Applications: Tracking Moving Objects
Kalman filter models (linear-Gaussian state-space models). Applications to analyzing video data.

Optional Reading:

Tutorial articles on Kalman filters:
Chapter 1 from Maybeck text
Kalman filter notes from Max Welling

Finals Week
Final Exam





Texts

Grading Policy

Based on a combination of homeworks, exams, and projects: 40% homeworks, 30% midterm, and 30% final. Note that a requirement for this course is that students learn and use MATLAB for their projects. MATLAB is a flexible high-level scientific programming language, available on certain ICS Unix machines, the NACS "gradEA" graduate Unix server, and in the NACS MSTB A and B PC labs.
 

Academic Honesty 

Academic honesty is taken seriously.
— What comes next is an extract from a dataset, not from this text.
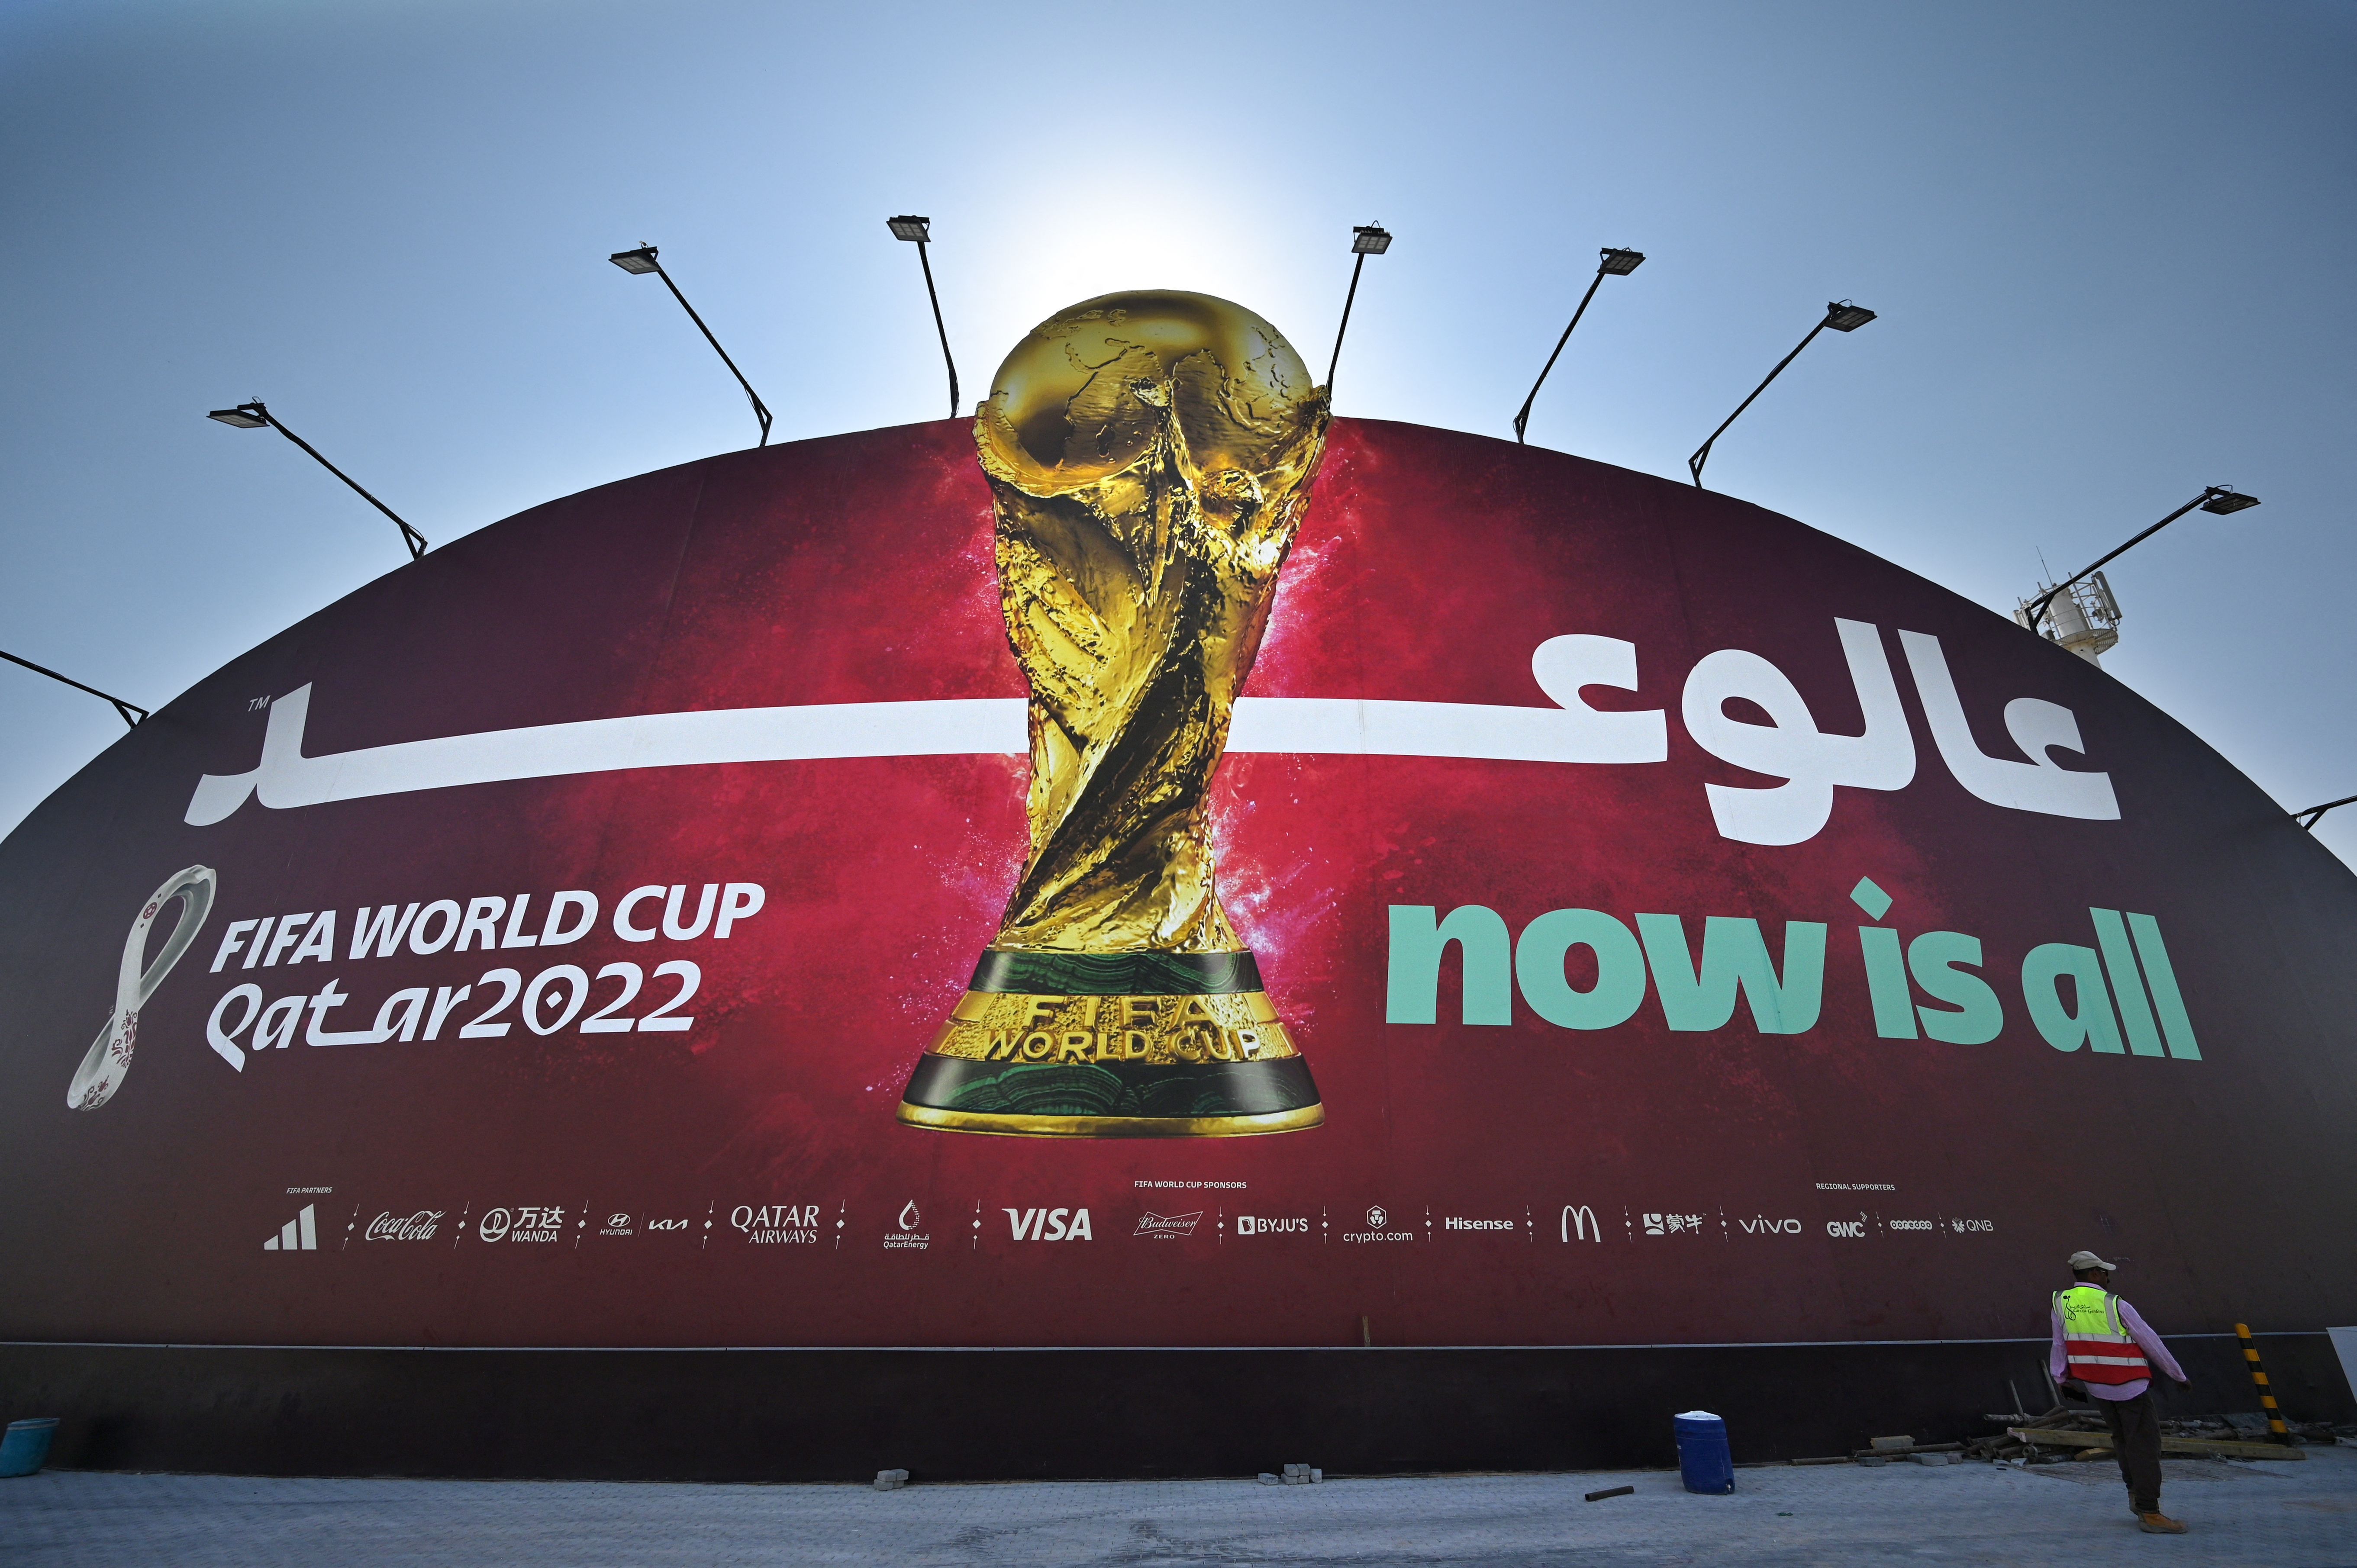 Qatar 2022 FIFA World Cup football tournament billboard

For homework problems or programming assignments you are allowed to discuss the problems or assignments verbally with other class members, but under no circumstances can you look at or copy anyone else's written solutions or code relating to homework problems or programming assignments. All problem solutions and code submitted must be material you have personally written during this quarter, except for any library or utility functions which we supply. Failure to adhere to this policy can result in a student receiving a failing grade in the class. It is the responsibility of each student to be familiar with UCI's current academic honesty policies. Please take the time to read the current UCI Academic Honesty Policies.

UCI Catalog Course Description

Probabilistic Learning: Theory and Algorithms: A unified probabilistic framework for learning algorithms. Classical pattern recognition algorithms, probabilistic mixture models, kernel methods, hidden Markov models, among others. Multivariate data analysis concepts for classification and clustering. Methodologies such as cross-validation and bootstrap. Prerequisites: basic calculus and linear algebra.